Your goal:
What I need is an exact repeat of the lines from the one with "Dvlop lightroom preset" through the end of the listing below. Leave out every picture.

Data segment:
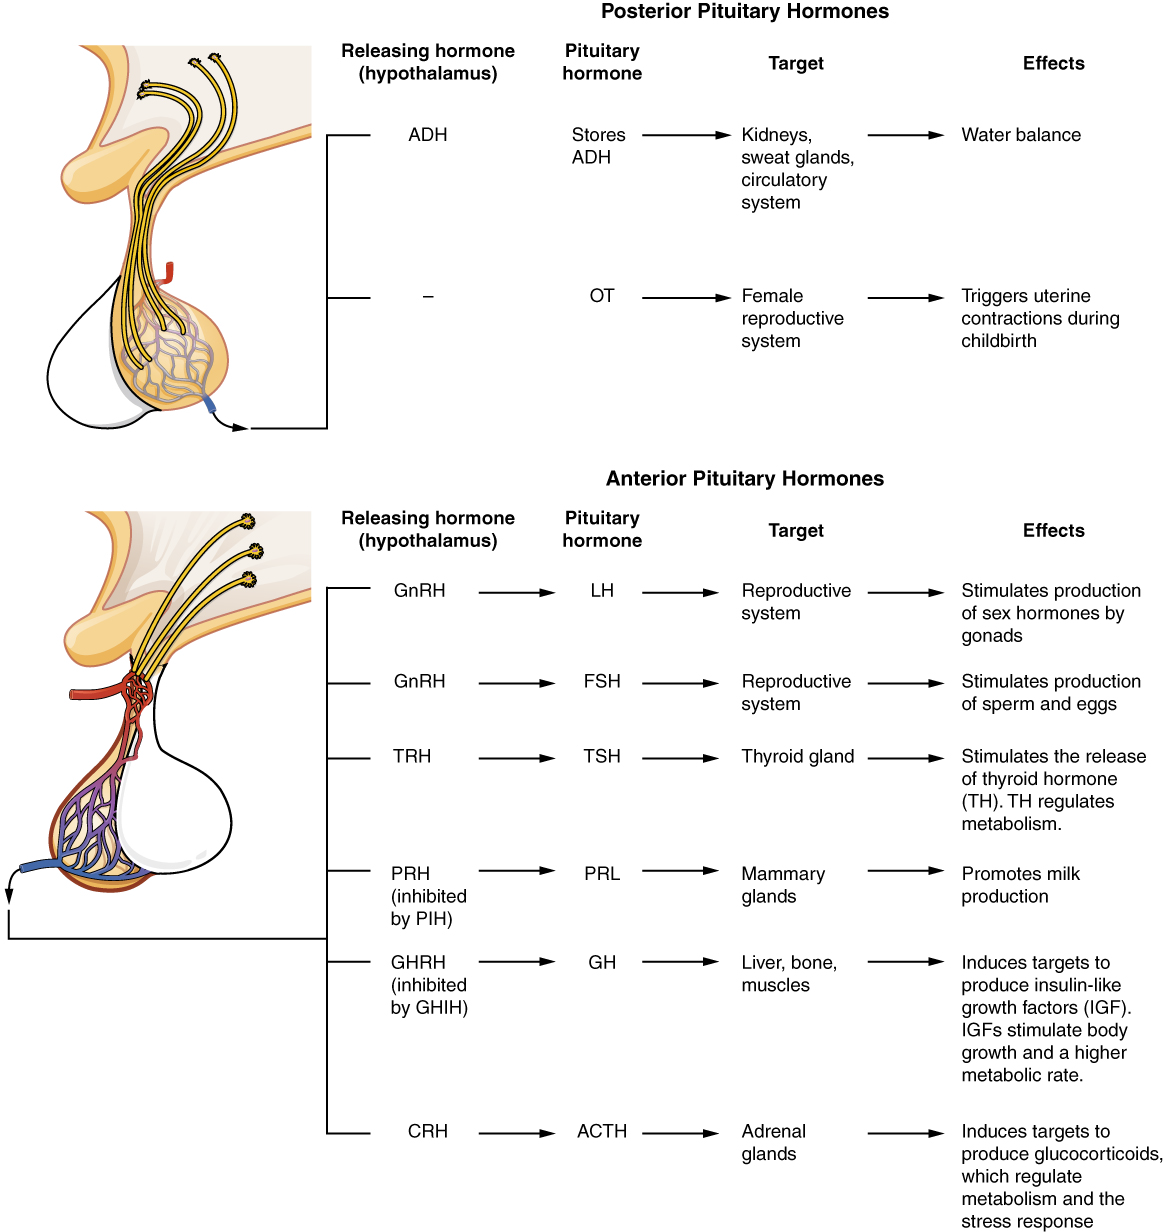 File:Pituitary Phys.png
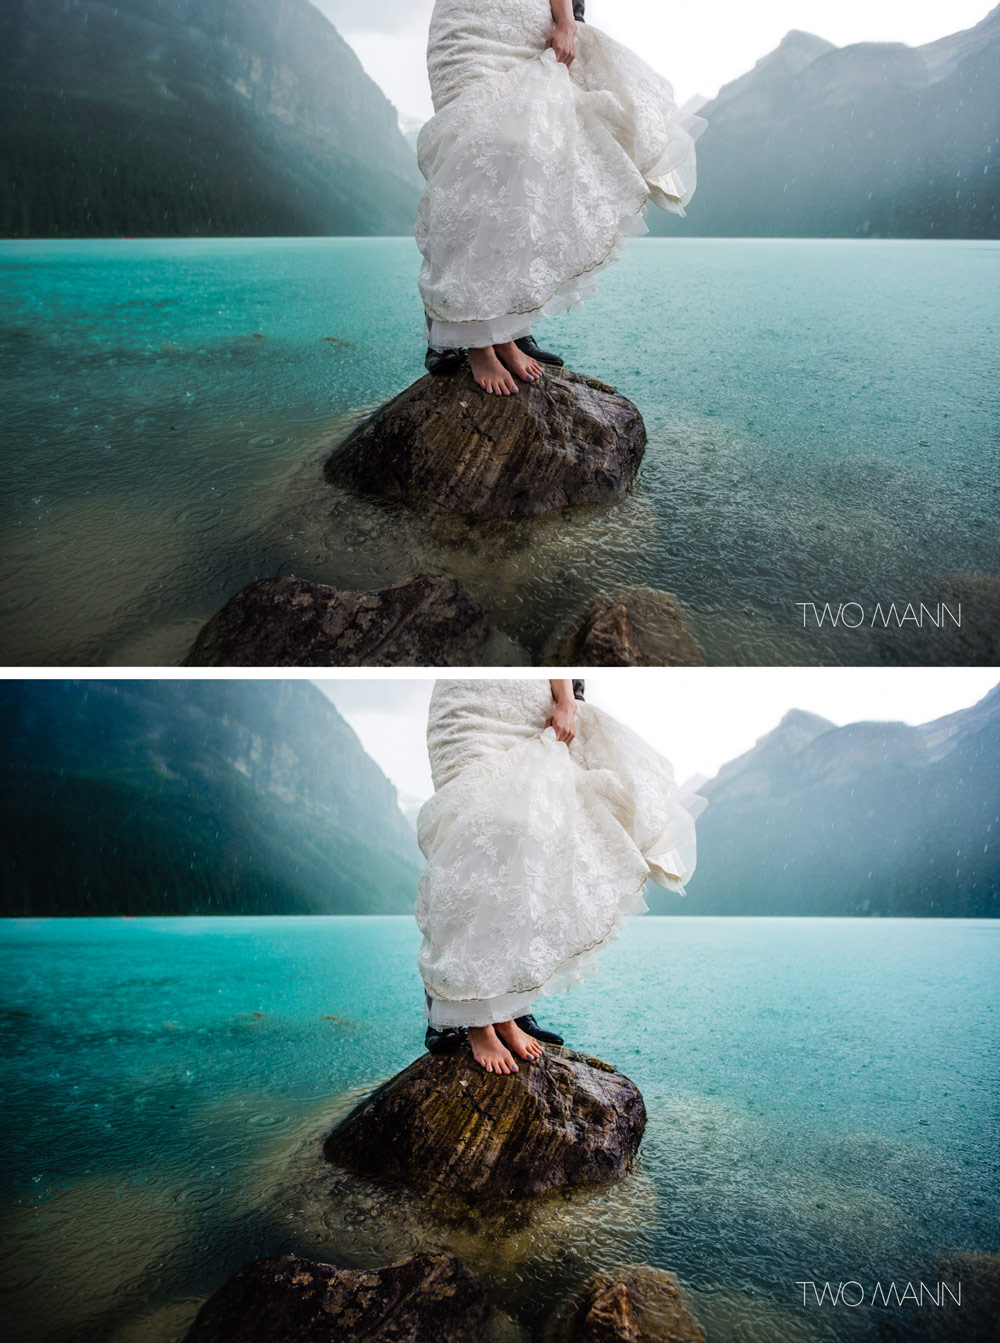 Dvlop lightroom preset sample image - Two Mann Studios. A woman in a white dress standing on a solitary rock, her legs and hand shown in the middle of turquise water, mountains in the background
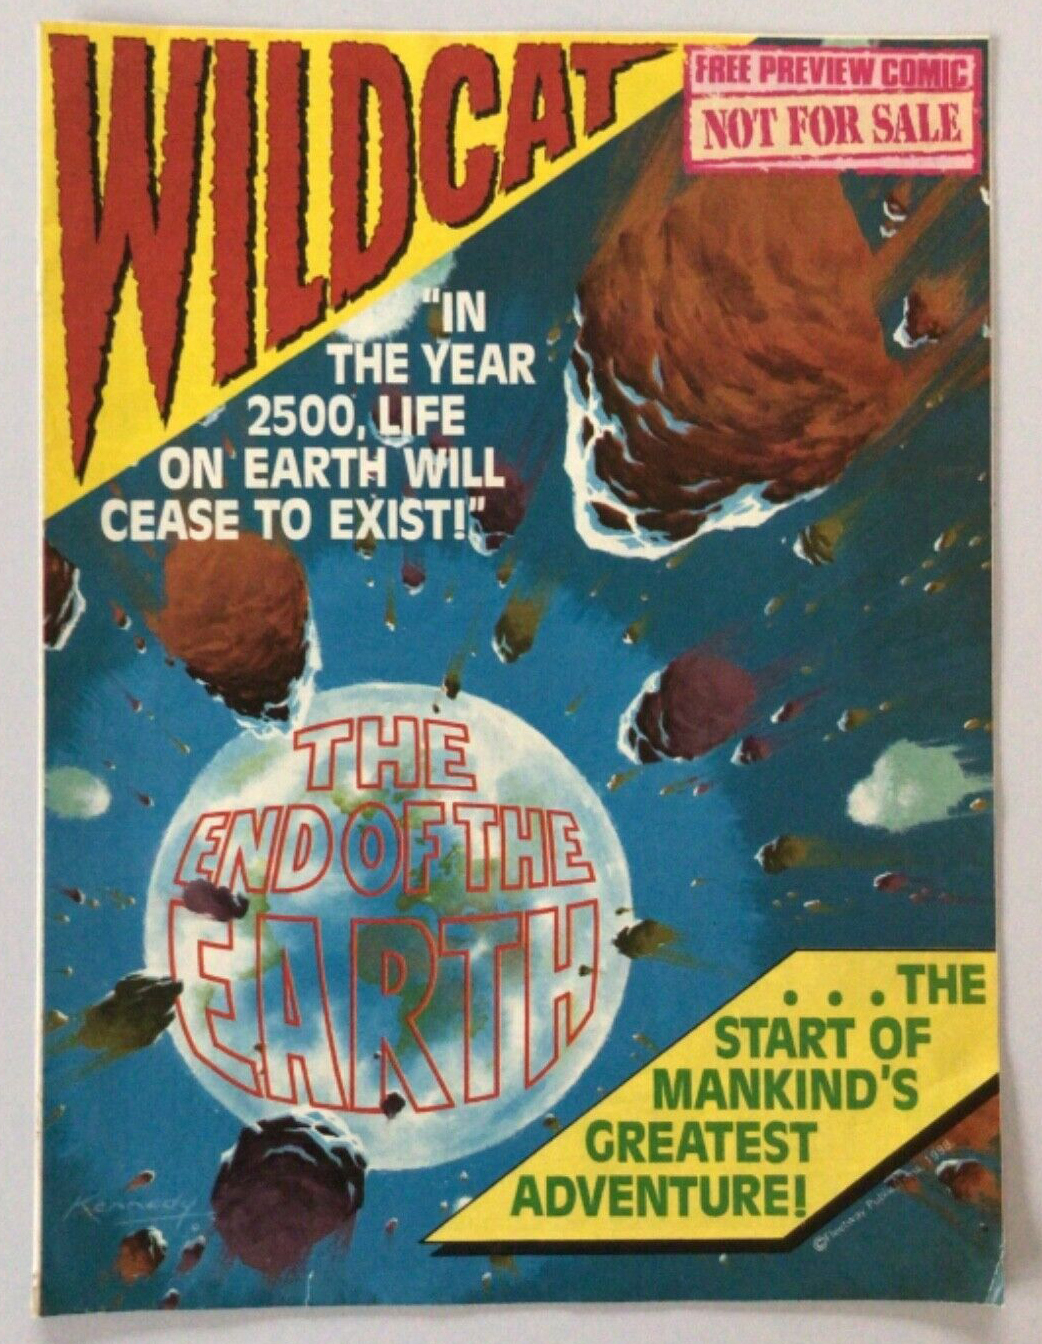 A copy of the  preview for Wildcat, IPC's last non-licensed boys adventure title, published in the late 1980s, given away free in other weeklies
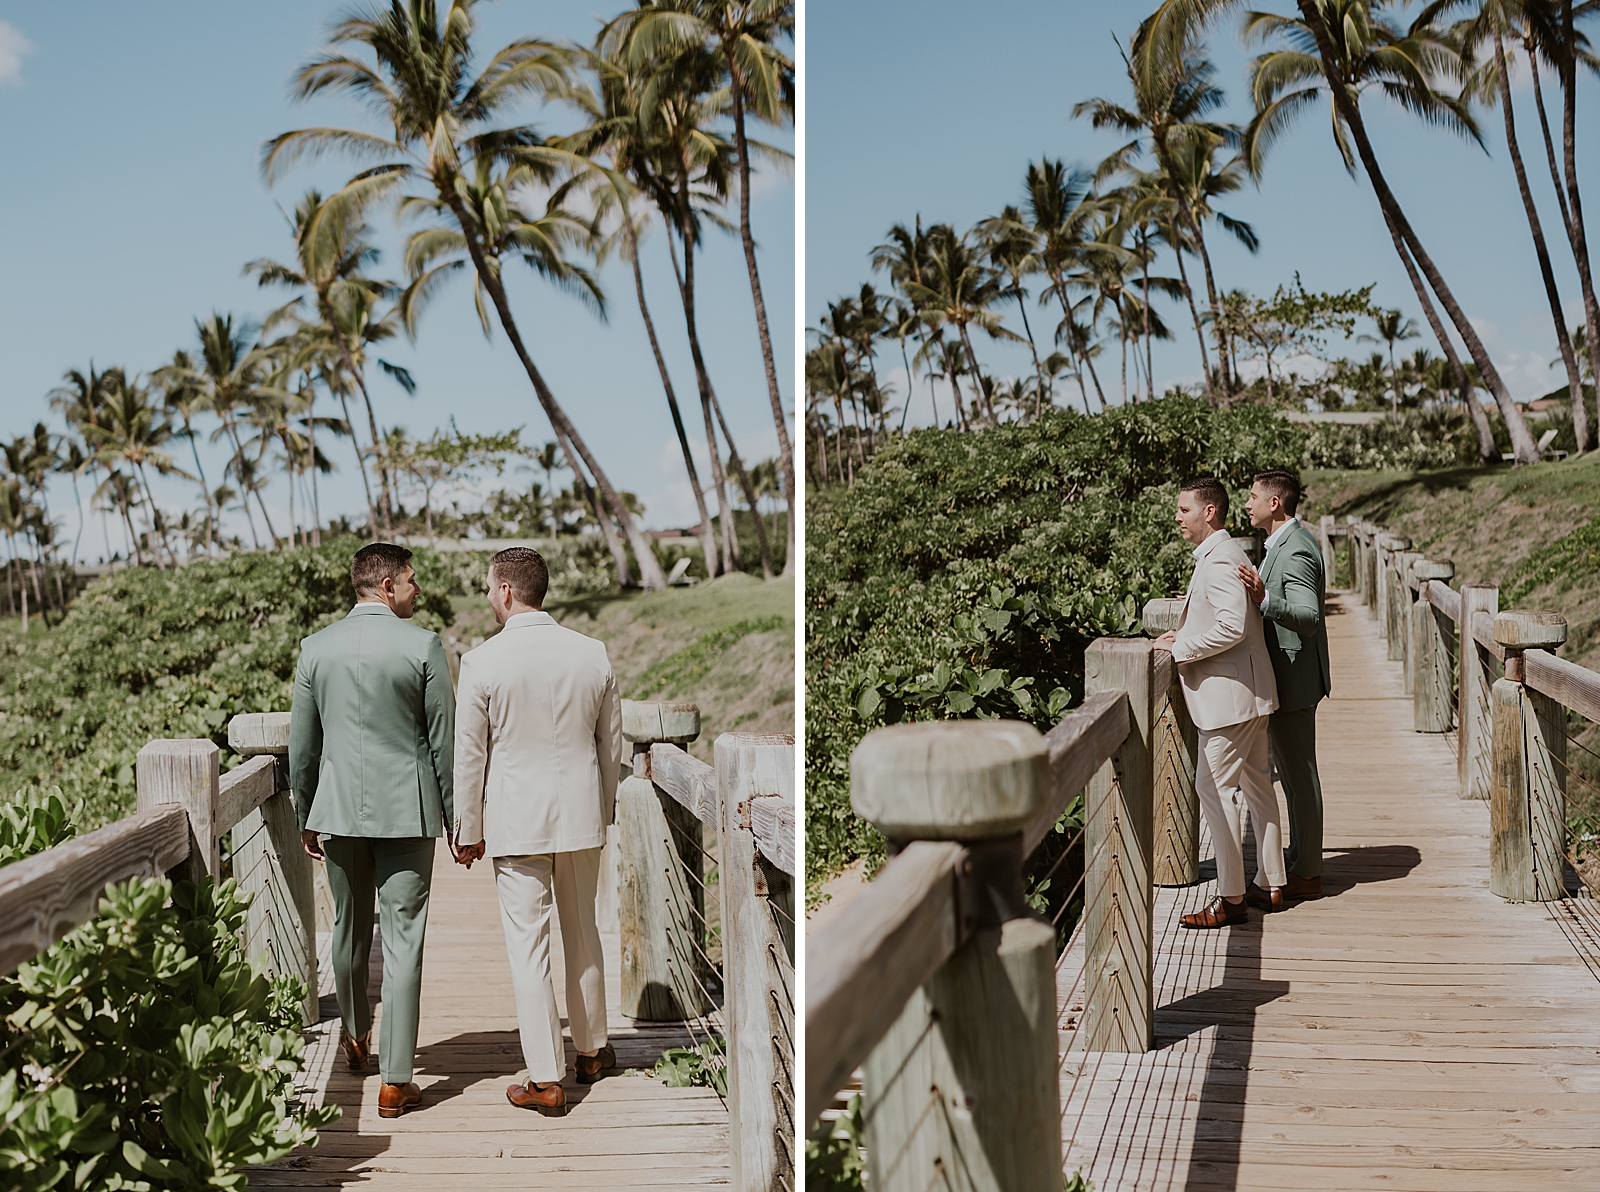 Grooms walking on beach boardwalk and looking out at the ocean

Output:
 Dvlop lightroom preset sample image - Two Mann Studios. A woman in a white dress standing on a solitary rock, her legs and hand shown in the middle of turquise water, mountains in the background
 A copy of the  preview for Wildcat, IPC's last non-licensed boys adventure title, published in the late 1980s, given away free in other weeklies
 Grooms walking on beach boardwalk and looking out at the ocean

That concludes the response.